The concept of cannabis terroir is further complicated by the ways global prohibition efforts have driven growing practices, processing techniques, and other human aspects of cannabis cultivation and consumption underground. Cannabis professionals interested in exploring a way to treat terroir for cannabis in a manner similar to terroir for wine are faced with a complex challenge rife with environmental and political hazards.
While, as Chouvy argues, cannabis enthusiasts and professionals in the Global North tend to place a premium on a plant's genetics when looking for their ideal phenotypes and chemotypes, terroir also likely plays a significant role in the effects and taste of the end product after cannabis flower has been harvested and processed.
The scientific evidence confirming the effects of terroir on individual plants’ chemotypes remains limited, but the cannabis industry widely acknowledges that soil and other environmental factors influence the end product.
For a bit of supporting anecdotal evidence, we can turn to operations like Colorado’s Verde Natural, operated by grower Chuck Blackton, who uses his claim to have mastered the knowledge typical of what we might call California’s Humboldt County terroir as a selling point for his company’s products.
Evidence from indoor growers further supports the notion that environmental factors, as well as human cultivation practices, have a significant impact on the final product. One study published in 1998 in the Journal of the International Hemp Association, for example, found that factors as basic as the amount of time remaining before full maturity when the flowers are harvested, the density with which plants are placed, and the local weather all play a significant role in the quality of the end product.

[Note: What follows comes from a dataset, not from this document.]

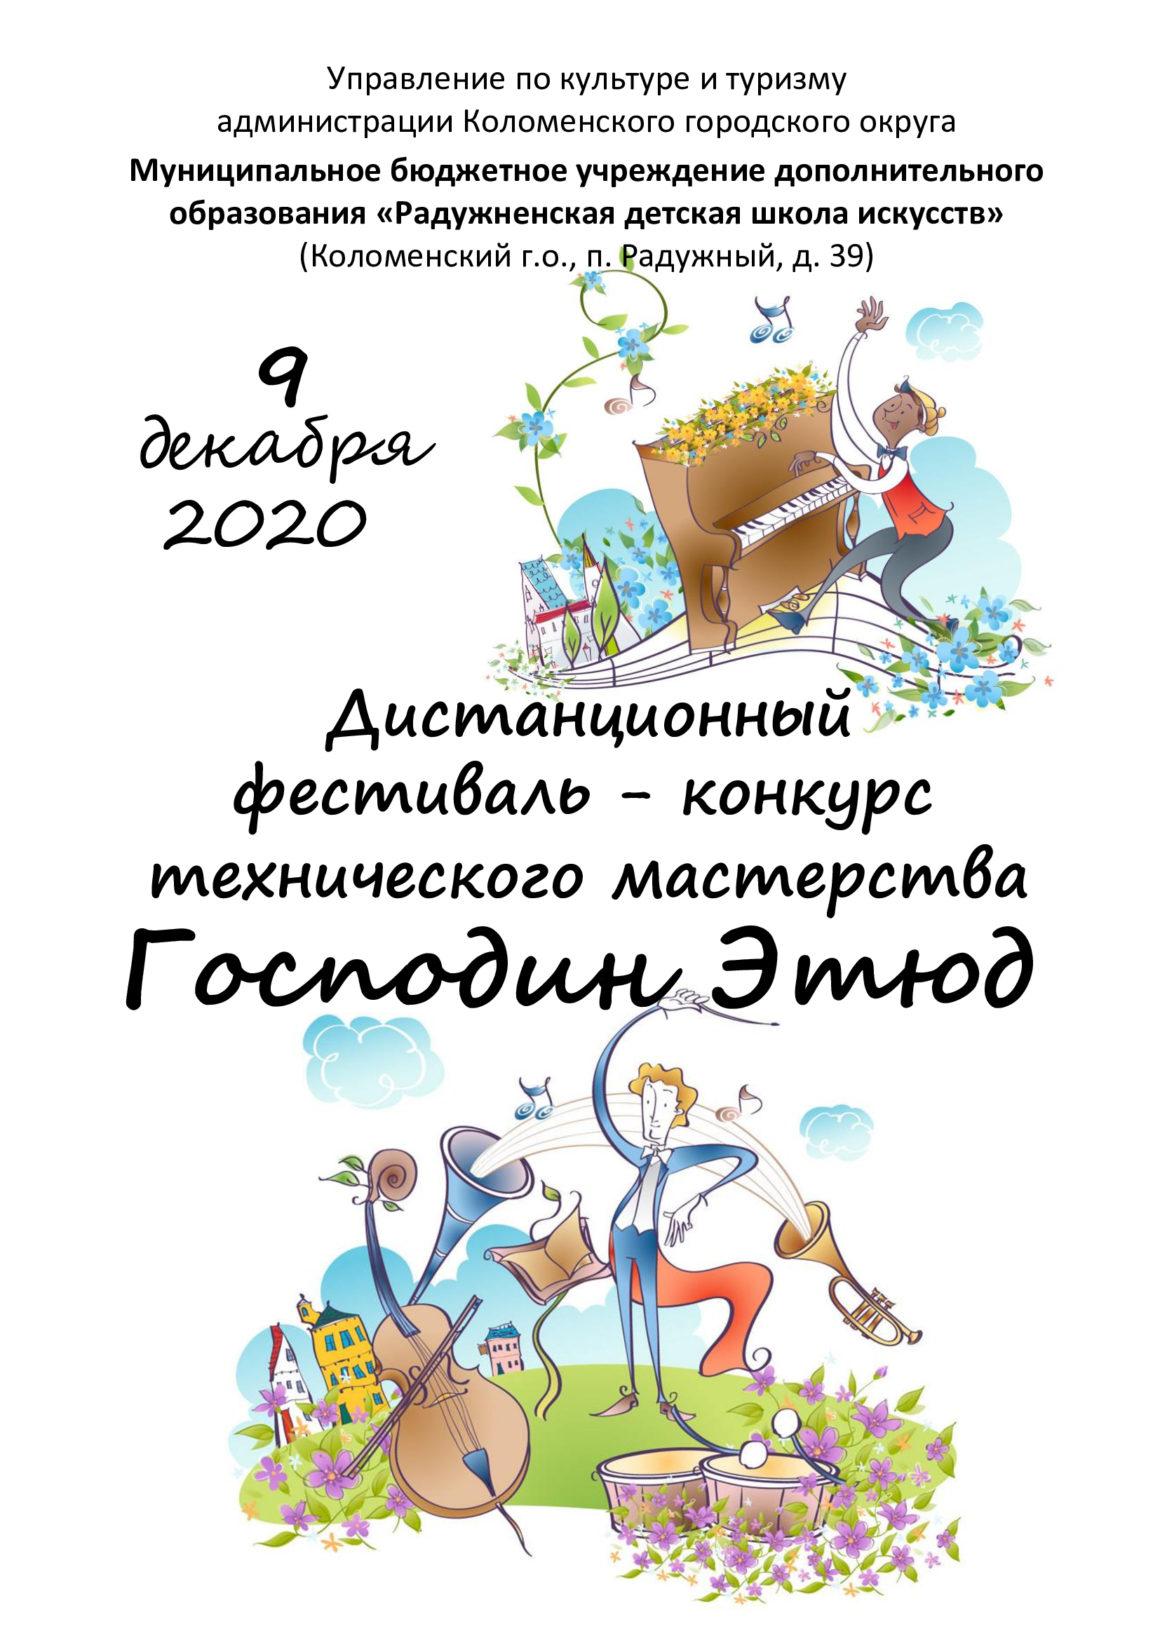 Дистанционный фестиваль-конкурс технического мастерства «Господин Этюд».

Chouvy uses the differences between hashish manufactured in Morocco and Afghanistan to illustrate how regional differences in climate, soil, processing technique, and so on are made apparent in the final product.

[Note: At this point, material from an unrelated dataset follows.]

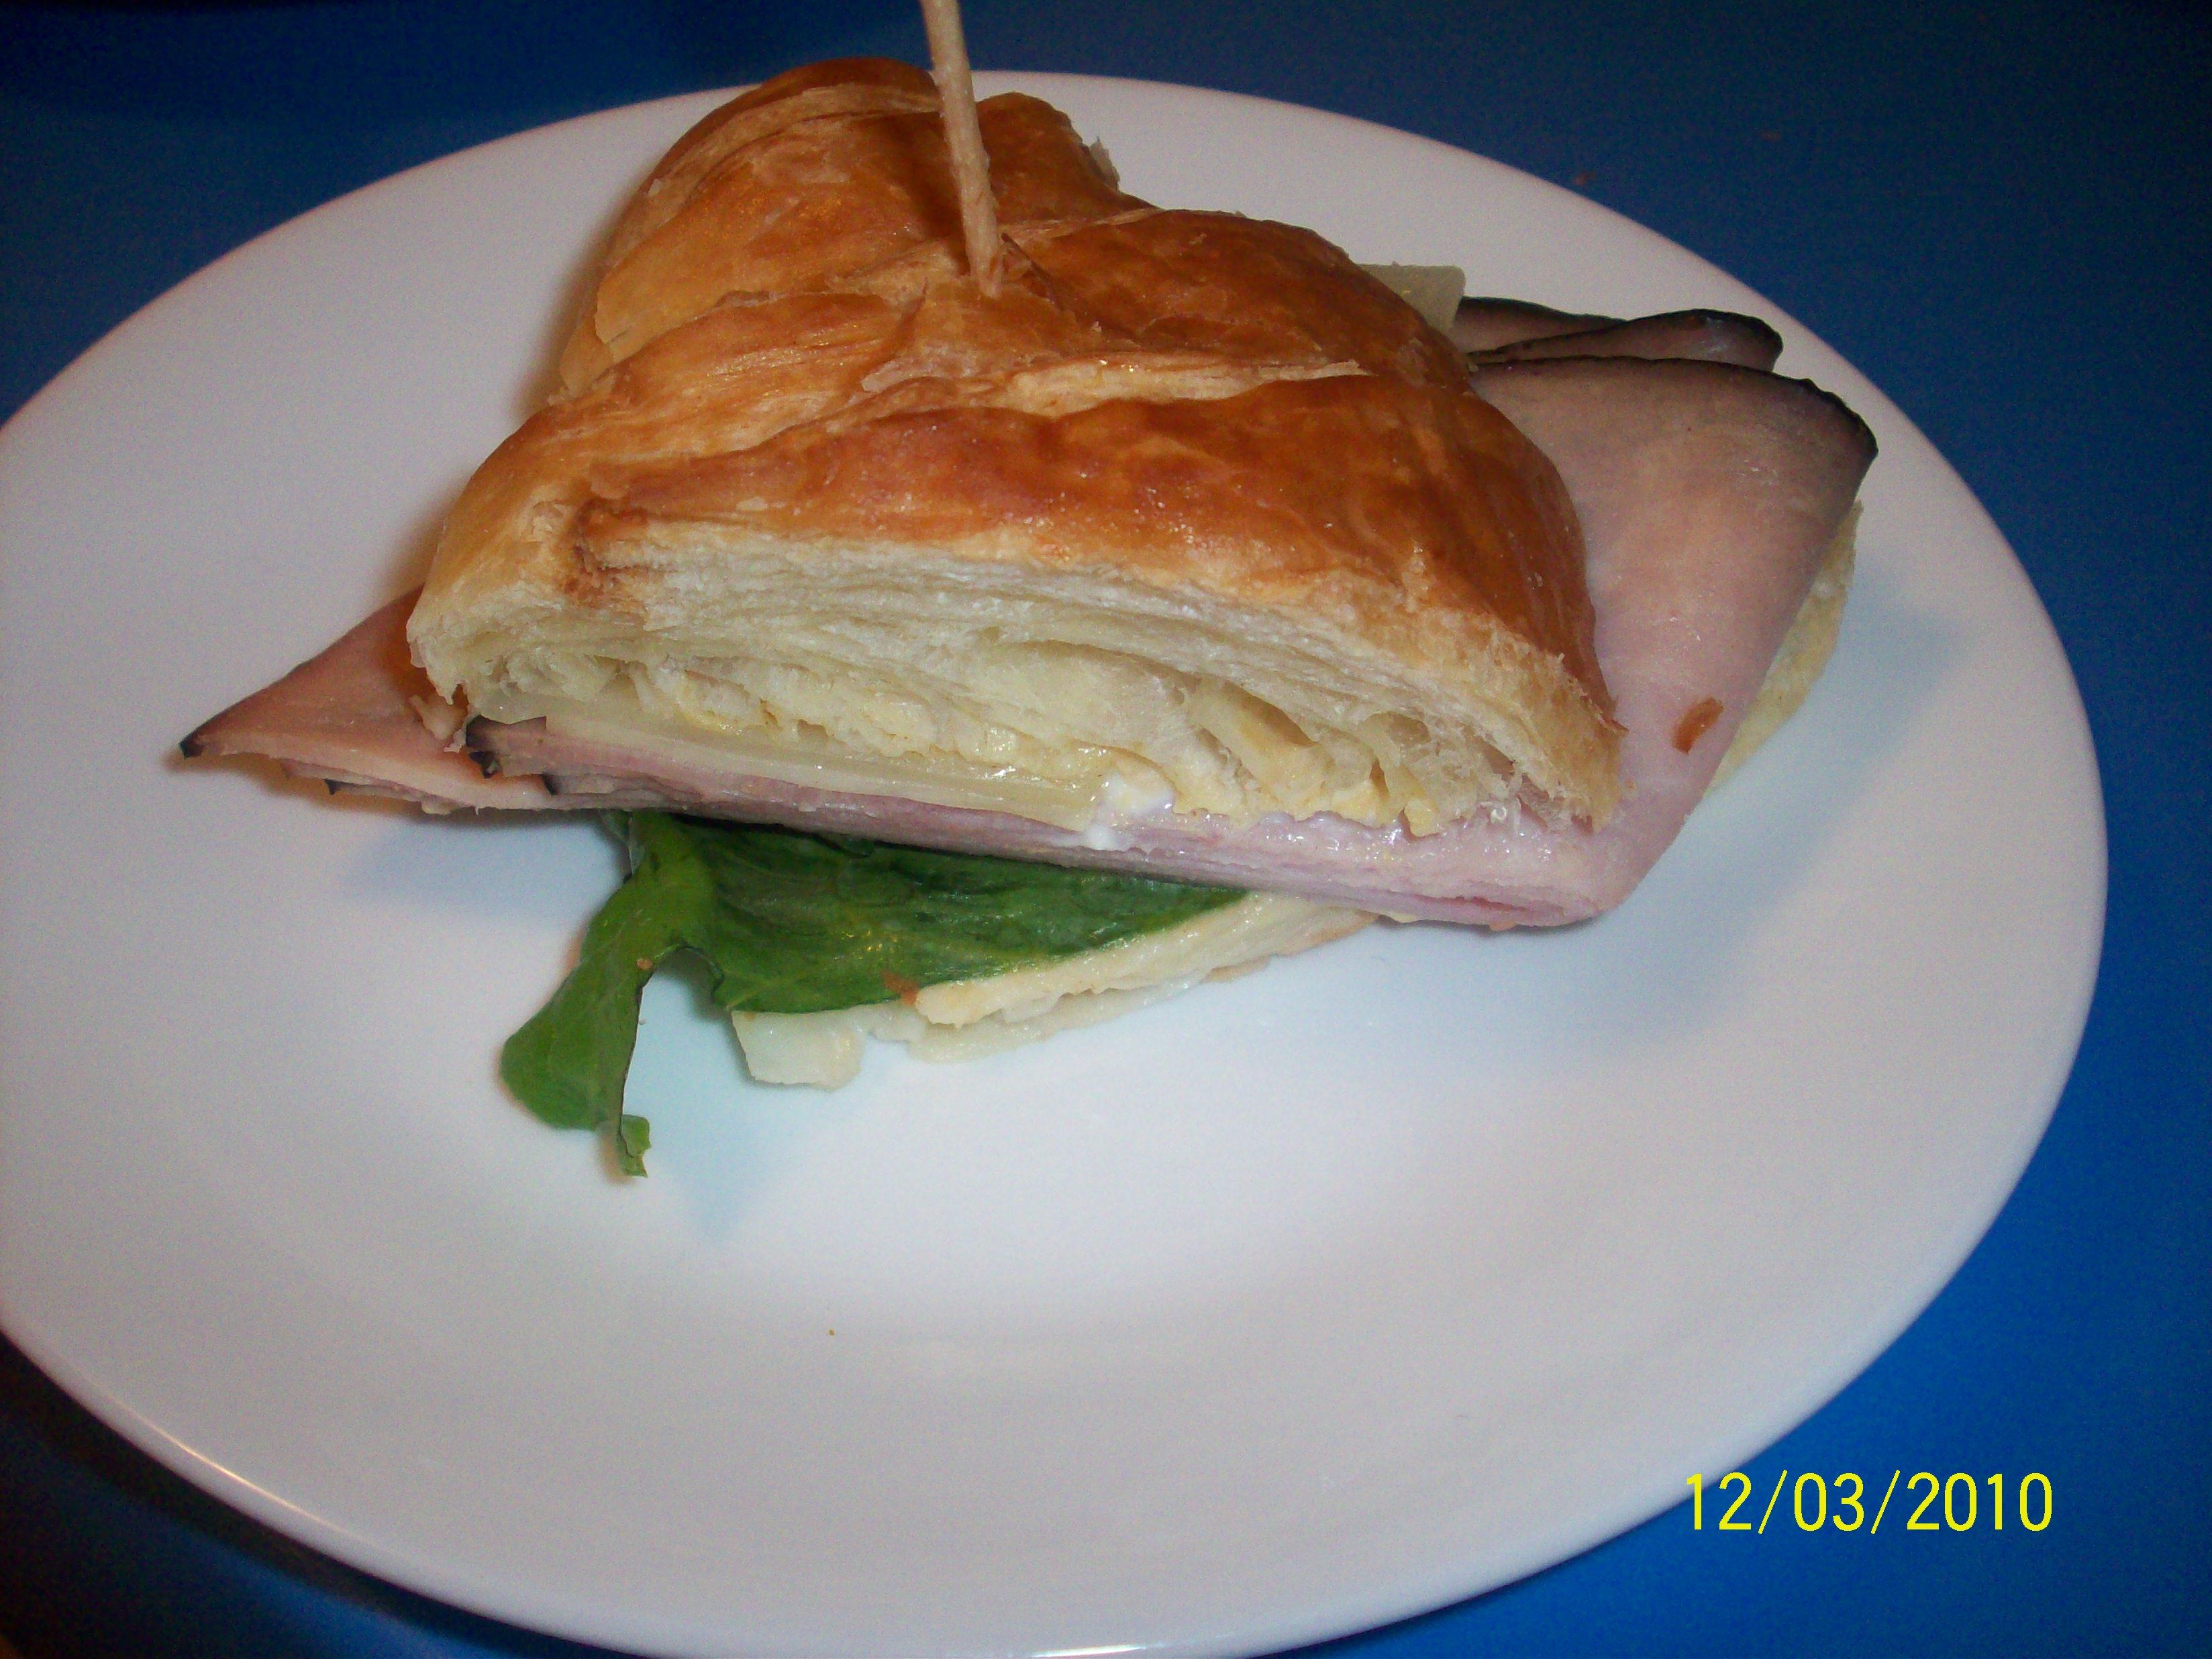 https://foodloader.net/cutie_2010-03-12_turkey_sandwich.jpg

Moroccan hashish, grown in the northern Rif region, “is best described as dry and powdery, often brittle (it is pressed into bricks), greenish to brown, very aromatic and smooth, and much less spicy (easy on the throat) than hashish from other countries. It produces short uplifting effects (‘high’) due to rather mild concentrations of THC, ” he explains.
“In comparison, Afghan hashish (chars) is more diverse (various cultigens of the indica type in various regions of production) but can generally be said to be brownish-red, soft, easily kneaded (it is kneaded, not pressed as in Morocco), and very spicy (hard on the throat). It produces long and strong, almost narcotic effects (‘stone’).”
To better understand how the concept of terroir can be extremely important in relation to a specific cannabis product, we’ll examine Morocco's famous hashish — one terroir product that Chouvy has specifically advocated for due to the risk that it might be crushed by competition from commercially grown and processed cannabis products from the same region, as Morocco expands its legal cannabis industry.
In discussing Moroccan hashish, Chouvy insists on an important connection between the local landrace cannabis cultivar, called kif, that has grown in Morocco for centuries and the environment of that region, arguing that “it has adapted to the natural (edaphic and climatic characteristics) and cultural (cultivation techniques and selection for particular uses) environment of the Rif, in part due to the region’s relative geographical isolation.”
This cultivar, with a long history in the region and subsequent adaptations, stands in stark contrast to the modern cannabis hybrids that have been brought to the region but are ill-suited to the environment due to their relatively much higher need for water, Chouvy states.
These new hybrid cultivars have “jeopardized the ecological balance of a region that is fragile in various respects,” he adds.
In summary, according to Chouvy, the establishment and understanding of cannabis terroirs provides an avenue for the preservation of sustainable growing practices and cultural traditions related to processing and consumption.